Порой Элиана думала, что слишком много пережила, слишком много перестрадала в этой комнате; особенно на рассвете комната представала перед ней в подлинном своем виде; между самой Элианой и этими стенами, этой мебелью устанавливалась какая-то странная связь, возникало некое таинственное и глубинное сходство. Любой предмет, которого касалась ее рука, становился удивительно непостижимым — разом и целомудренным и несуразным, и в каждом она узнавала себя. Даже неприбранная постель свидетельствовала о стародевической любви к порядку. В такие минуты она ощущала себя пленницей не внешнего мира, не житейских обстоятельств, а вечной пленницей самой себя.

Она поднялась при первых проблесках дня.
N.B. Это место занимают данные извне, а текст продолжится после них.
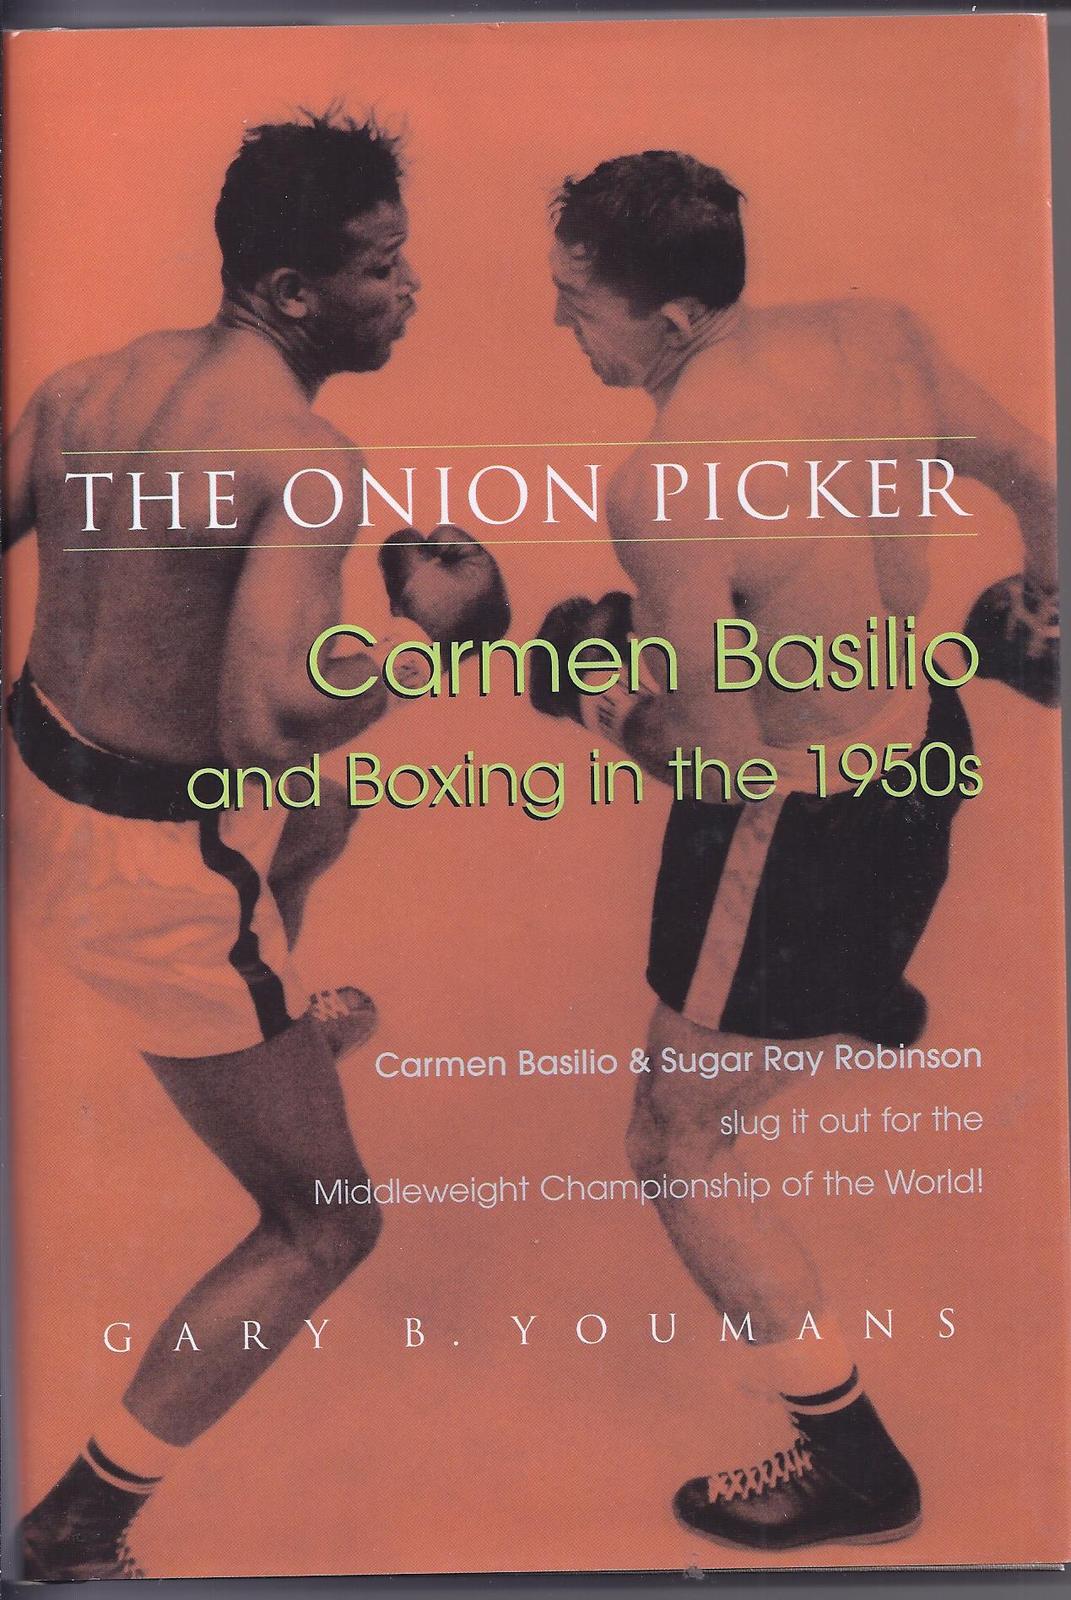 THE ONION PICKER - CARMEN BASILIO &Boxing in the 1950s -Gary B. Youmans - $17.95
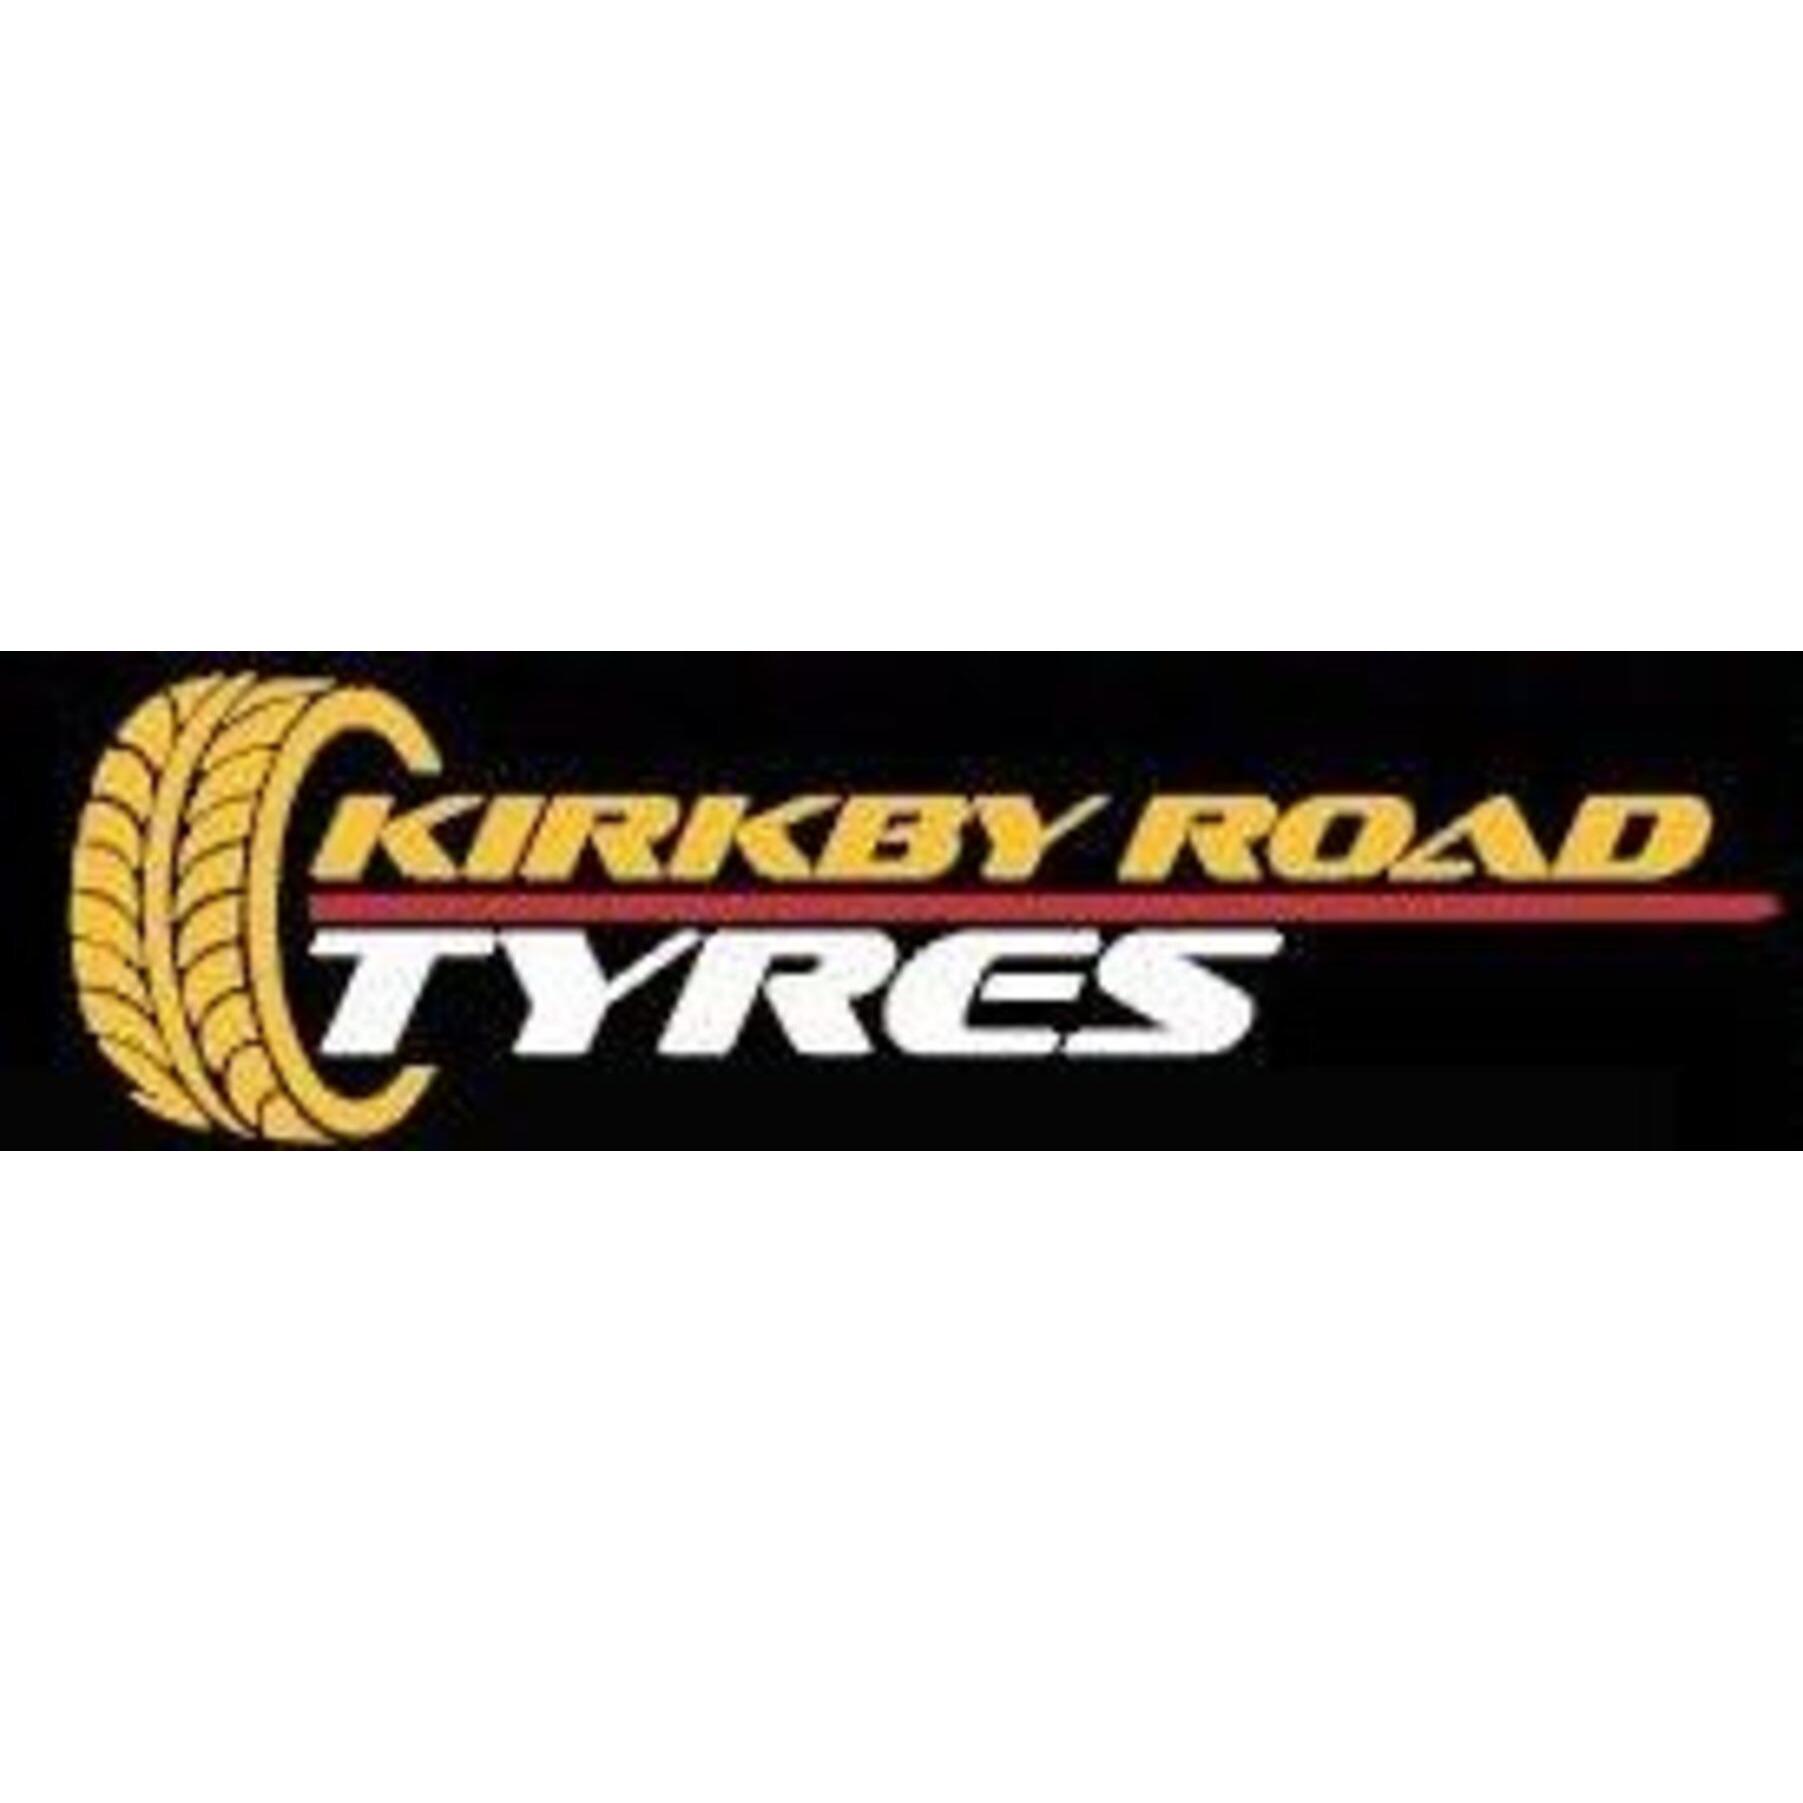 KIRKBY ROAD TYRES logo

Морозная ночь еще льнула к небу, где сияла луна, но в садах музея уже свистел дрозд, перелетая с дерева на дерево, и бесцветная линия домов выступала из мрака, словно после кораблекрушения. Заперев окно, она прошла в ванную комнату, открыла краны и начала мыться, как будто сейчас не четыре часа утра, а девять. Ей уже не под силу было бороться с бессонницей, влекущей за собой целую череду мрачных видений; а раз ей не спится, то лучше уж встать и что-то делать, ходить, цеплять день за день, минуя ночи. В ванне она оставалась до тех пор, пока не остыла вода, и за это время успела перебрать в голове десятки самых противоречивых планов, строя будущее по случайной подсказке мечты, устремив глаза на огромное матовое, постепенно белеющее стекло.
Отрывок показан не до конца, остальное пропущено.